In the aftermath of the event, Minister Haley apologized for the Dale Carnegie mansplainer, but in her apology she indicated that “none of the women” they tried to get to deliver the session were available. This is a classic response to being called out for #allmalepanels and all-male boards and all-male events: we can’t find women who say yes.

Let’s unpack that for a second.

Nearly 400 women said yes to showing up without knowing what was about to happen. Women cleared the decks to be at this event. Women are not saying no. Women are saying yes. In this case, it was government who didn’t bother to even try. Many of the women in that room could have done the job better, and many of the women who attended are master-networkers. These are people who did not need to be talked at. They needed to be listened to and taken seriously.

Taking women’s leadership seriously means asking for women’s input and then implementing their suggestions. It means funding women’s start-ups, their electoral campaigns, their inventions, and their initiatives. It means that (less qualified) men need to step aside sometimes in order to give the platform to a woman who knows more and will do an excellent job. It means that we need to change how we recruit—we don’t just say, “there aren’t any women who will say yes”—but we work harder to find them and to convince them to join the table. And it’s not just men who are making these mistakes. The Minister demonstrated on Wednesday that even she didn’t fully understand her role in furthering the Status of Women in our province.

Ensuring more women leaders in the province isn’t going to happen by talking at us. We are talked at by well-meaning men (and women) every day. We sit patiently while it happens and then move on. Women need systemic change. Women need real opportunities. Women need to not grow up being told by the people they love that men are better. Women need to not be beaten in their homes. Women need to not be threatened on the streets. Women need to have gender-based harassment in the workplace taken seriously by colleagues and especially managers. Women need to be paid salaries that reflect their work. Women need to be promoted when they deserve a promotion. Women need childcare. Women need paid maternity leave. Women need men to take parental leave. Women need sponsors and champions.

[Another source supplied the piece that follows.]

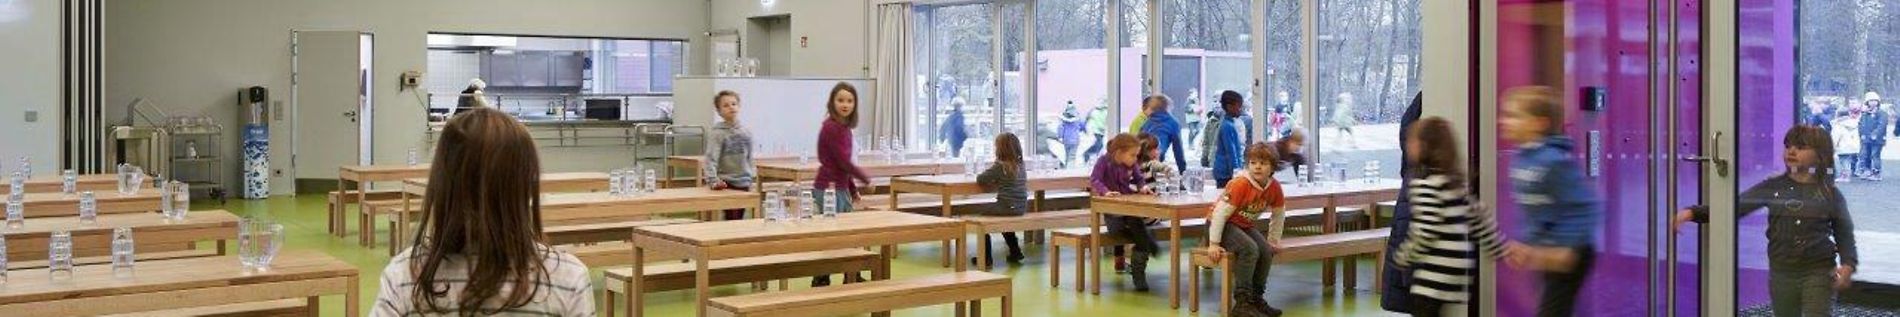 Schulmensa mit Tischen und Bänken, im Hintergrund die Essensausgabe. Schülerinnen und Schüler kommen zur Tür herein.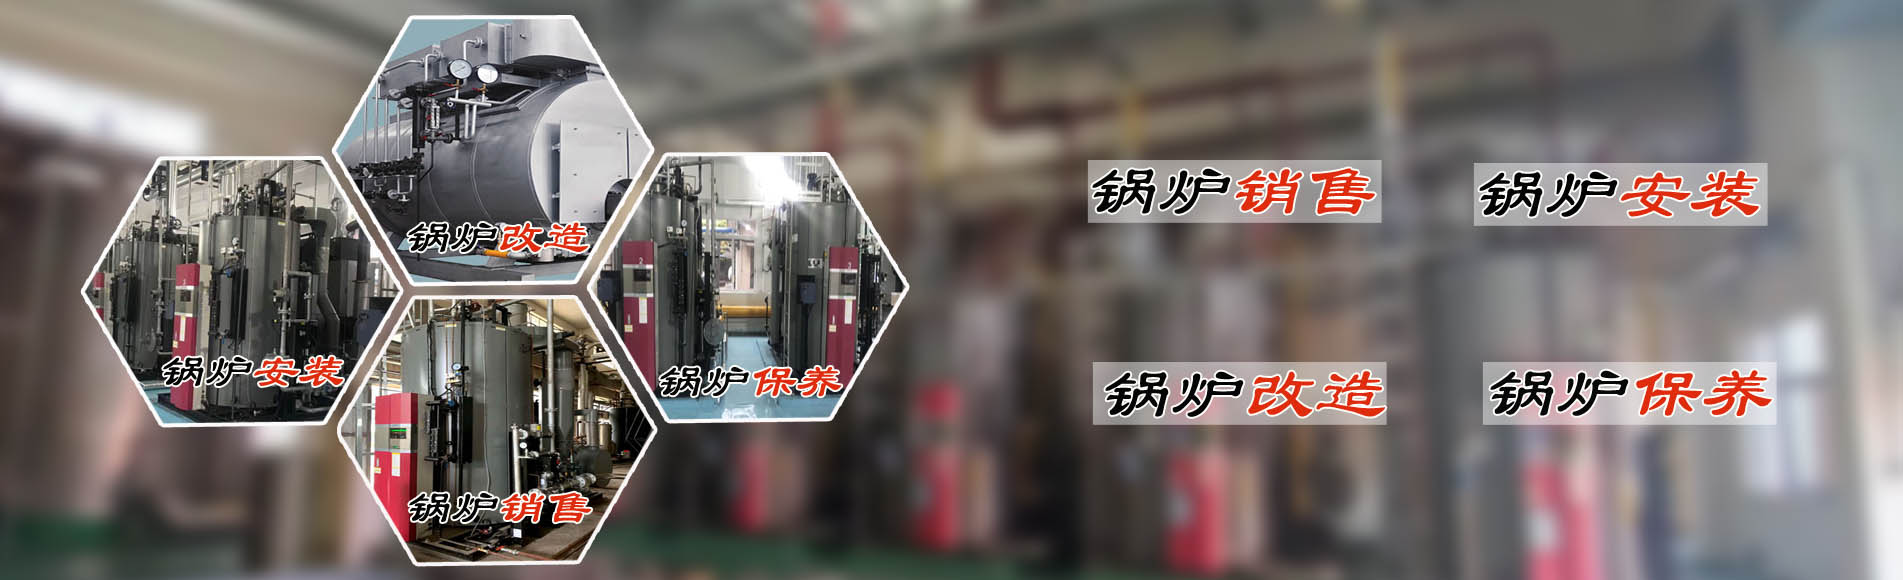 廣州希諾機電提供蒸汽節能鍋爐、熱水鍋爐安裝銷售、鍋爐改造、鍋爐維護保養服務。

The big kicker here, and the thing that we often forget, is that men need women to get these things too.

Everybody is better off when women are better off.

Society needs to recognize that the default way in which we operate right now systematically holds women back. And we need to recognize that the status quo is bad for all of us. It means that we’re missing important voices and insights at the decision-making table, and it means that we’re missing an opportunity to make things better, faster.

The good news is, all of this can be fixed, and the government has started to make some strides in the right direction. Paid domestic violence leave, for example, is a good thing. But we need more from government. The Premier announced on Wednesday that the new Minister is a stand-alone minister, meaning she’s responsible for the Status of Women and no other portfolio. This is excellent news, and it means that she has more time to learn, more time to talk to her (very smart, talented, and highly educated) staff, and more time to seek advice from women leaders in the province. She’s met a lot of them now: they were at her event, and they sat patiently and kindly while they were talked at and talked down to.

I’m sure these brilliant women would be open to meeting again, and to talking to her about real stuff that will help the province move forward. They just need to be asked for their expertise. They need government to recognize what many of us already know: #womenalsoknowstuff. Let’s ask them for help and let them lead the way.